Okay thank you for all so far. About h(x) I do not know, I copied all the information given in the assignments (course is already over). My professor is known to be very exigeant mathematically, so it wouldn't surprises me if I have to solve the problem for any twice differentiable h. Though working through particular examples isn't bad either.
Okay I look at this picture. If r1 and t2 are very close to each other u will have a singularity almost instantly (t<<1). Is this reasoning right?

Not necessarily. Try doing it. The characteristics are x=h(r1)t+r1 and x=h(r2)t+r2, right? At what value of t do they intersect?

 

[fluidistic]

Not necessarily. Try doing it. The characteristics are x=h(r1)t+r1 and x=h(r2)t+r2, right? At what value of t do they intersect?

At $t=\frac{r_2-r_1}{h(r_1)-h(r_2)}$. With h=-x, this gives t=1 for all $r_1$ and $r_2$. In other words all characteristic curves will cross no matter what.

 

[Dick]

At $t=\frac{r_2-r_1}{h(r_1)-h(r_2)}$. With h=-x, this gives t=1 for all $r_1$ and $r_2$. In other words all characteristic curves will cross no matter what.

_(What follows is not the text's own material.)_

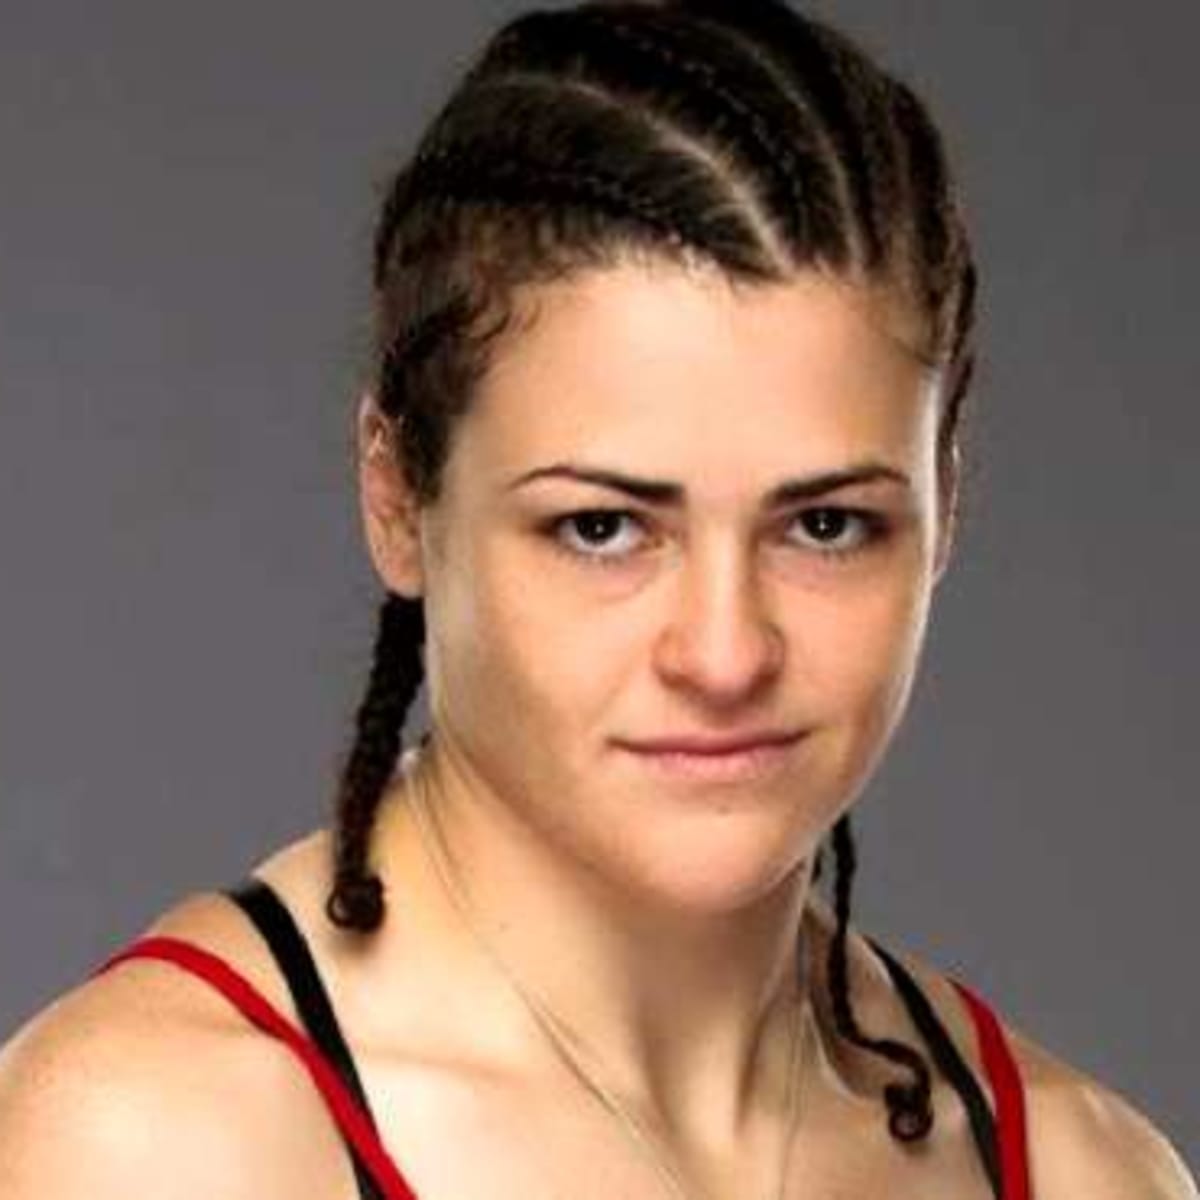 Following recent victory, Amanda Bell aiming for Bellator title shot in

Ok, now think about a general function h(x) and let r2 approach r1. Anything in there remind you of a difference quotient? Isn't this fun?

 

[fluidistic]

Ok, now think about a general function h(x) and let r2 approach r1. Anything in there remind you of a difference quotient? Isn't this fun?

Hmm that's weird. When r2 approaches r1 it looks like $t=-\frac{1}{h'(r_1)}$.

 

[Dick]

Hmm that's weird. When r2 approaches r1 it looks like $t=-\frac{1}{h'(r_1)}$.

Ok, you've got it. At points near r1 characteristics will cross at a time near -1/h'(r1). This is the inviscid Burger's equation and if you hunt around you can find statements that the time to developing a singularity is -1/min(h'(x)). Now you should be able to figure out why. Remember you are only intersected in singularities at positive time.